Сестры жмут плечами: нет таковых.  

— Ну а кто здесь самый бойкий и прыткий? Опять жмут плечами: не поняли пока что.  

Деев рассматривал бастующих и не видел среди них ни бойких, ни прытких, ни даже мало-мальски веселых: девчурки — сплошь понурые и квелые, одна другой бледнее. Многие с тифозной стрижкой — коротенькой шкуркой вместо волос. У одной кожа оспой выедена, как дробью прострелена. У другой — круги под глазами, иссиня-лиловые. У третьей, показалось, улыбка. Пригляделся — заячья губа. Присел на лавку — как раз возле той, чьи глаза будто чернилами обведенные, — а малютка от него шарахается, в стенку вжимается; ногой при этом неловко брыкнула — опрокинула свою кружку. Две горсти ярко-желтого пшена вывалились на лавку — как две горсти золота. Остро пахнуло горячим и вкусным, у Деева аж слюна прилила. Девчонка же — не шелохнется: пялится на рассыпанные крупяные комочки, а в каждом глазу набухает по огромной слезе.  

А глаза-то вовсе не бунтарские — жалкие и голодные.  

— Как зовут? — спросил тихо, чтобы не испугать. И бровью не повела — будто не слышала.  

— Зозуля, — ответила за девочку оказавшаяся рядом сестра. — То ли имя, то ли козья кличка, поди разбери. Фамилии в документах и вовсе не было… А за такую вот кучку пшена, — указала на рассыпанную кашу, — у нас в деревне еще год назад убили бы.  

— Розданную еду не трогать, — громко скомандовала Белая. — Охранять до нашего возвращения. Если забредет пацаньё из соседнего вагона — гнать взашей.  

Кивнула строго одной из девочек: за мной! Кивнула и Дееву с Зозулей: вы тоже — за мной! И направилась в штабной вагон. Наедине хочет поговорить, догадался Деев, — допросить бунтовщиц по одной.  

Зозуля как поняла, что ее уводят к начальству, и вовсе скукожилась, сморщилась личиком.  Но  сопротивляться не стала: молча вылезла из укрытия — рассыпанную по лавке кашу обползала аккуратно, не задев ни крупинки, — и почапала за комиссаром. Деев зашагал вслед.  

Вагонные проходы были некогда выстланы коврами, от которых теперь остались одни ошметки. Остатки эти у Деева хватило ума не трогать: во время оснастки эшелона приказал аккуратно приколотить каждый гвоздями — и теперь босые дети скакали по этим ковровым островкам, чтобы не заморозить ноги о холодный пол. Зозуля не скакала — шлепала равнодушно по деревянному настилу, ссутулившись и уткнув подбородок в грудь. Просторная рубаха волоклась по полу. Кости хребта выпирали шишками — едва не дырявили кожу. Стриженая голова — черный ежик с лохматыми иглами — казалась непомерно большой для тощей шеи: того и гляди оборвется.  

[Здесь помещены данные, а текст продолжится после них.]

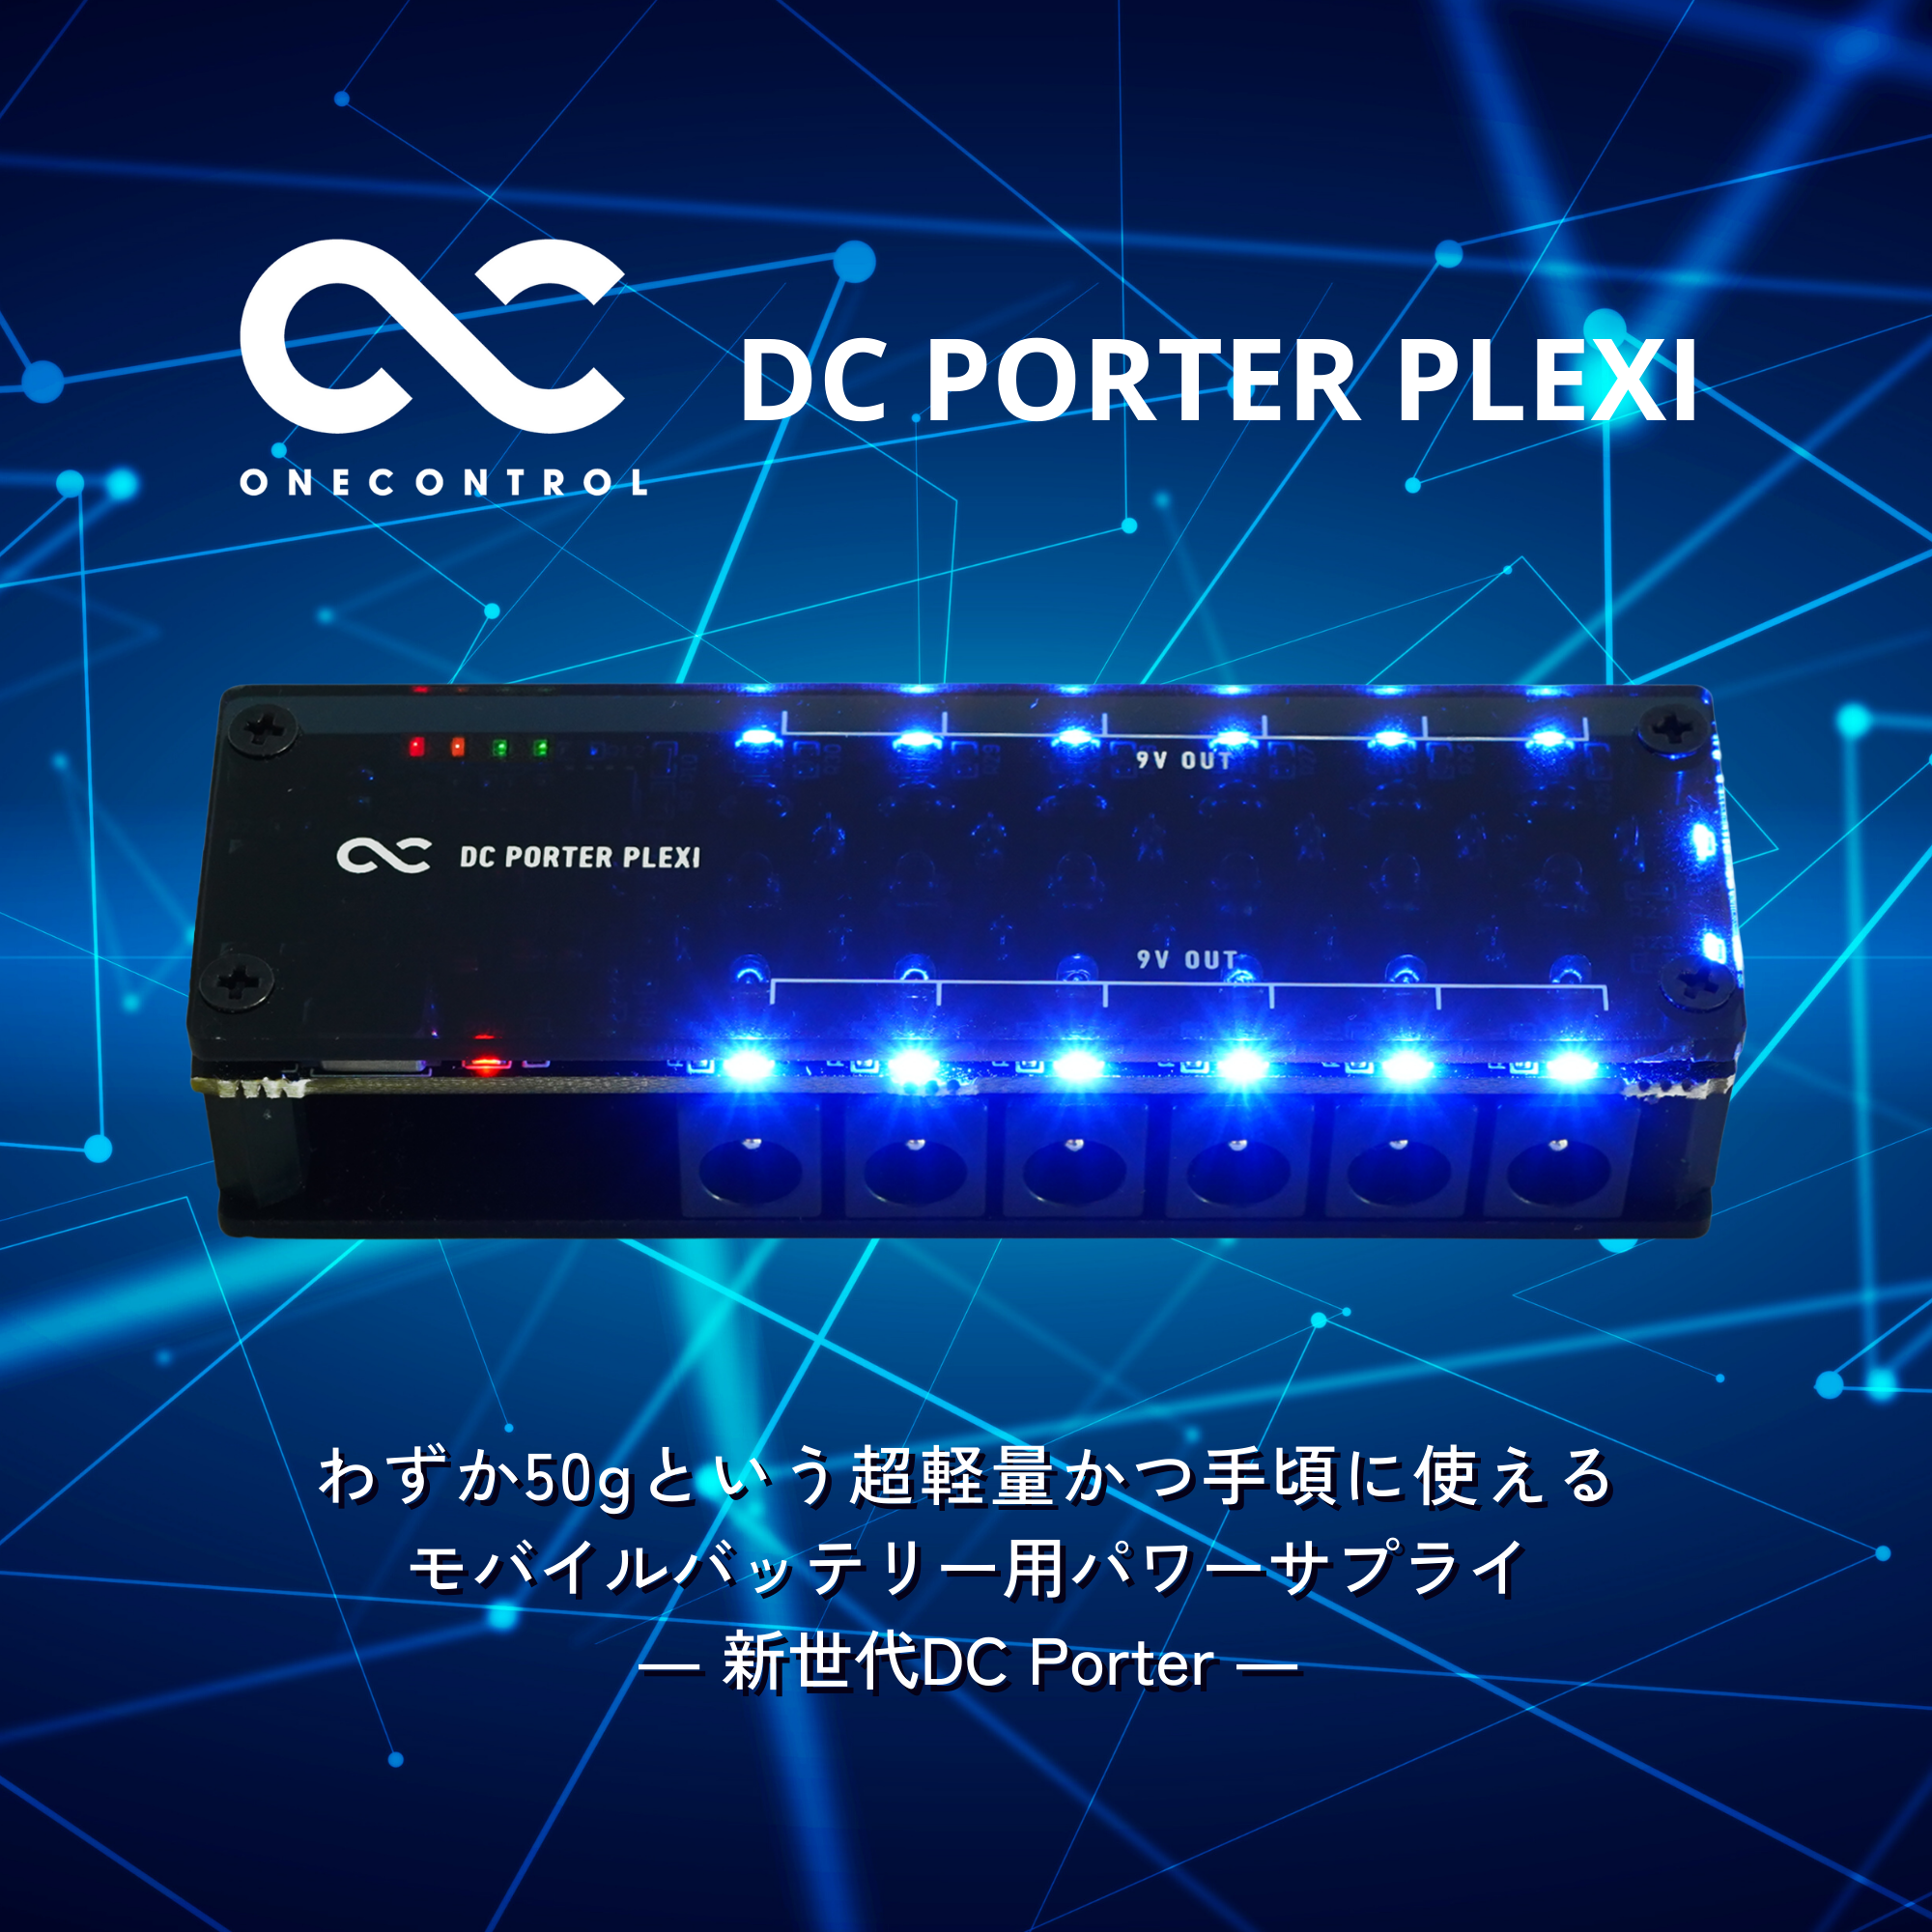 One Control DC Porter モバイルバッテリー USBケーブル付

— Побеседуйте-ка с ней по душам, — шепнула Белая на ухо Дееву. — Искренно, как вы умеете.  

— Я? — опешил тот.  

А Белая уже скрылась у себя — с другой девчонкой.  

Зозуля осталась в коридоре. Мелкая, она едва доходила ростом до дверной ручки, но по серьезности личика Деев дал бы ей лет восемь-девять. К тому же она сильно горбилась: распрями спину — сразу стала бы выше на полголовы. Распахнул дверь,  приглашая  войти,  —  шмыгнула внутрь купе. Присела на краешек дивана, как птичка на жердочку, руки на колени пристроила, голову на грудь свесила и замерла. Лица не видать, а только макушку в торчащих вихрах да бурые от грязи ручонки с короткими черными ногтями. На одной наколка: голубок.  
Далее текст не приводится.